At the design stage — before any ground is broken. The cinema room's dimensions, acoustic isolation requirements (floating floor, independent wall construction), cable routes, and structural speaker positions all need to be incorporated into the architect's drawings. Retrofitting these elements after construction is significantly more expensive and technically constrained.
What is the M&K Sound TriPole speaker?
The TriPole is M&K Sound's in-wall surround speaker designed for 5.1, 7.1, and Dolby Atmos configurations at the surround and rear positions. It combines forward-firing drivers with side-firing drivers to create a diffuse, enveloping surround field — the same principle as M&K's freestanding S300 tripod speaker, implemented in an in-wall form factor.
How does a home cinema demo room help with specification decisions?
Hearing a properly configured reference system answers questions that specification sheets cannot. You discover whether the difference between system tiers is audible, whether Dolby Atmos overhead speakers are worth including, how a large screen compares to a TV in terms of immersion. Most Zebra clients who visit the demo room make specification decisions they would not have made based on research alone.
What does a luxury basement home cinema cost?
A reference-level basement cinema with full Dolby Atmos, M&K Sound throughout, quality projector, acoustically transparent screen, and professional automation typically starts from £60-80K for equipment. All-in costs including acoustic treatment, joinery, seating, and installation range from £100K upwards depending on scope and finish.
Why is M&K Sound used in post-production film studios?
M&K Sound's sub-satellite speaker architecture was developed specifically for professional reference monitoring — producing accurate, flat frequency response so that audio engineers can make decisions that translate correctly to the widest range of playback systems. Their use in professional dubbing stages and mixing rooms is a function of their accuracy, reliability, and consistency. Those same properties make them the preferred choice for domestic installations that want reference-level performance.

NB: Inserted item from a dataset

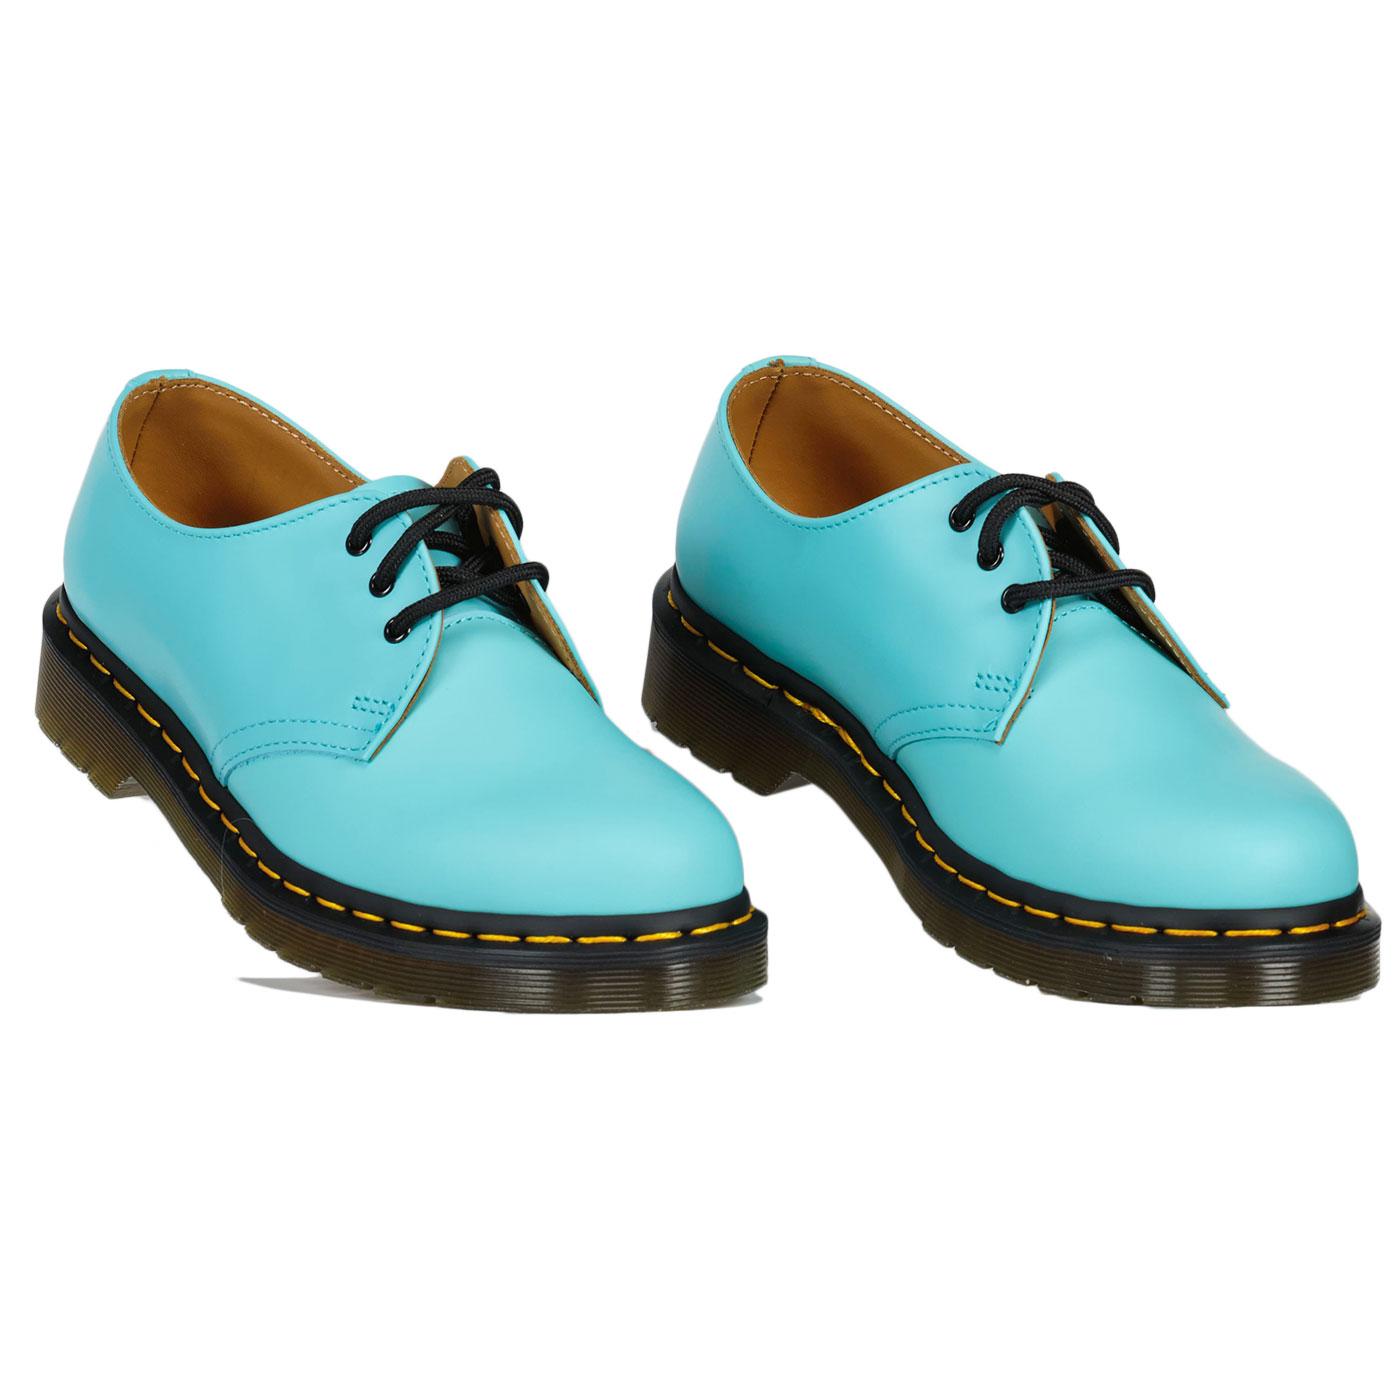 DR MARTENS 1461 Men's 70s Retro 3 Eye Shoes in Turquoise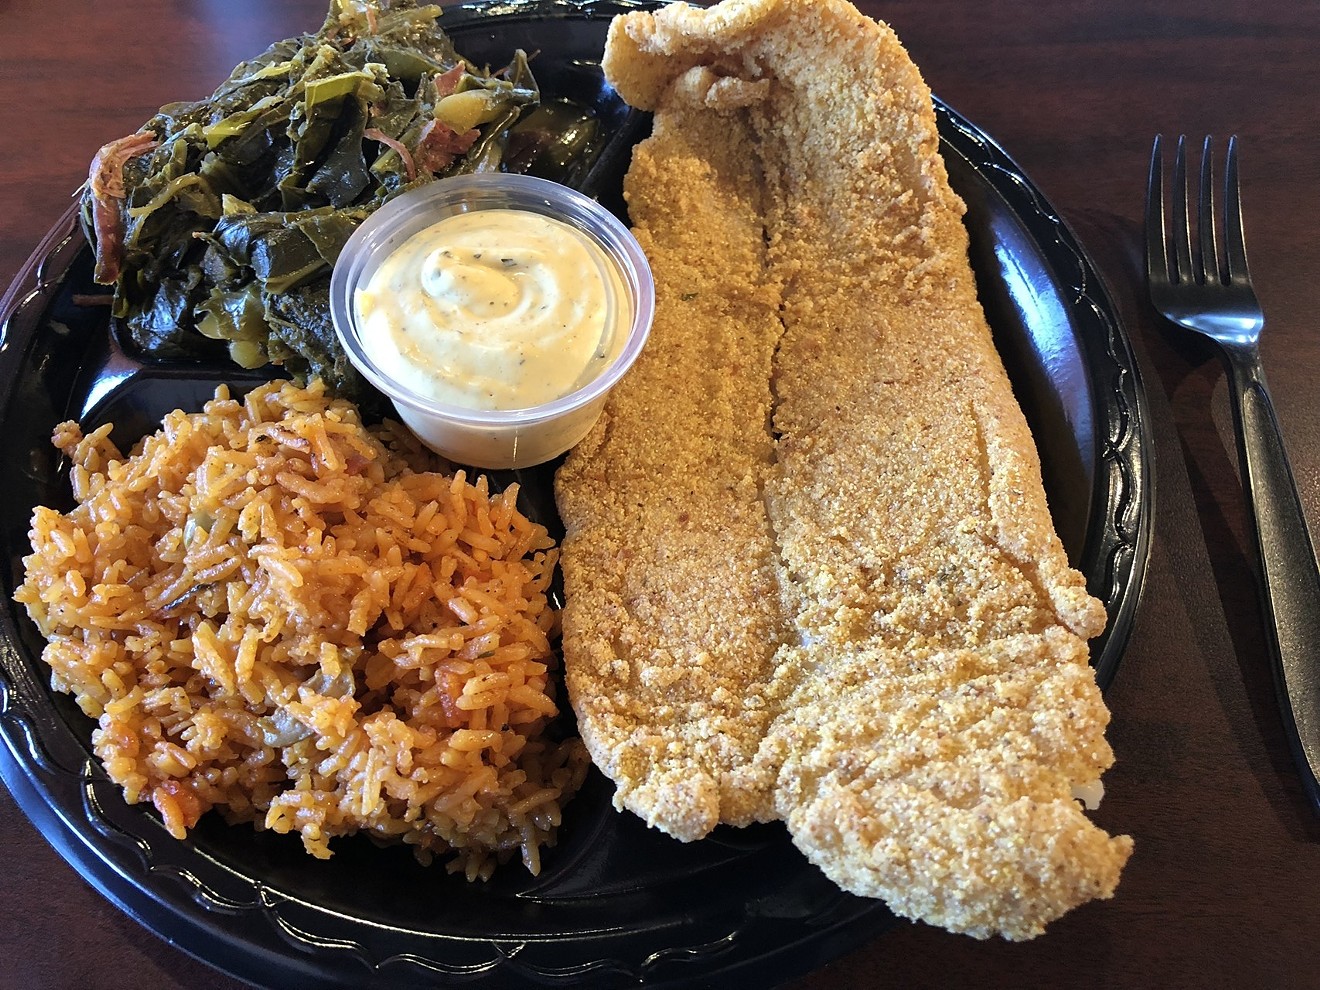 Fried swai, rice, and collards from Rhema Soul Cuisine, now in Phoenix.

Frequently Asked Questions
What luxury home cinema projects does Zebra Home Cinema showcase?
The spotlight covers seven of Zebra's UK projects ranging from compact converted lofts and basements to large-scale dedicated cinema rooms with full Dolby Atmos arrays, motorised seating tiers, and reference-grade projection. Each project illustrates a different brief — and a different trade-off between budget, room geometry, and aesthetic integration.
What budget range do these projects cover?
The seven featured rooms span roughly £50,000 to £400,000 in total project cost, including structural work, acoustic treatment, AV equipment, seating, and integration. Smaller spaces like converted loft cinemas often deliver remarkable performance at the lower end; the larger projects are full bespoke builds with dedicated rooms, custom seating, and multi-tier riser construction.
Where are these UK home cinemas located?
Zebra's portfolio is concentrated in the South East and Midlands, with additional projects across the Home Counties. Many clients prefer not to publicly disclose the exact location of their installations, which is why projects are usually presented by room and equipment rather than by address.
What equipment do most of these projects share?
The most common specifications are M&K Sound or Wisdom Audio loudspeakers, JVC or Christie laser projection, StormAudio or Trinnov processing, and acoustic-treatment work led by purpose-built panel systems rather than generic foam. Movia or comparable cinema seating is the dominant choice for dedicated rooms.
Why use a home cinema advisor for a project at this level?
At £100,000+ project budgets, the cost of mistakes — wrong room dimensions, wrong projector for the screen, badly-specified subwoofer count, dead acoustic treatment — can run into the tens of thousands. An independent advisor protects the budget by pressure-testing every specification before purchase, rather than after.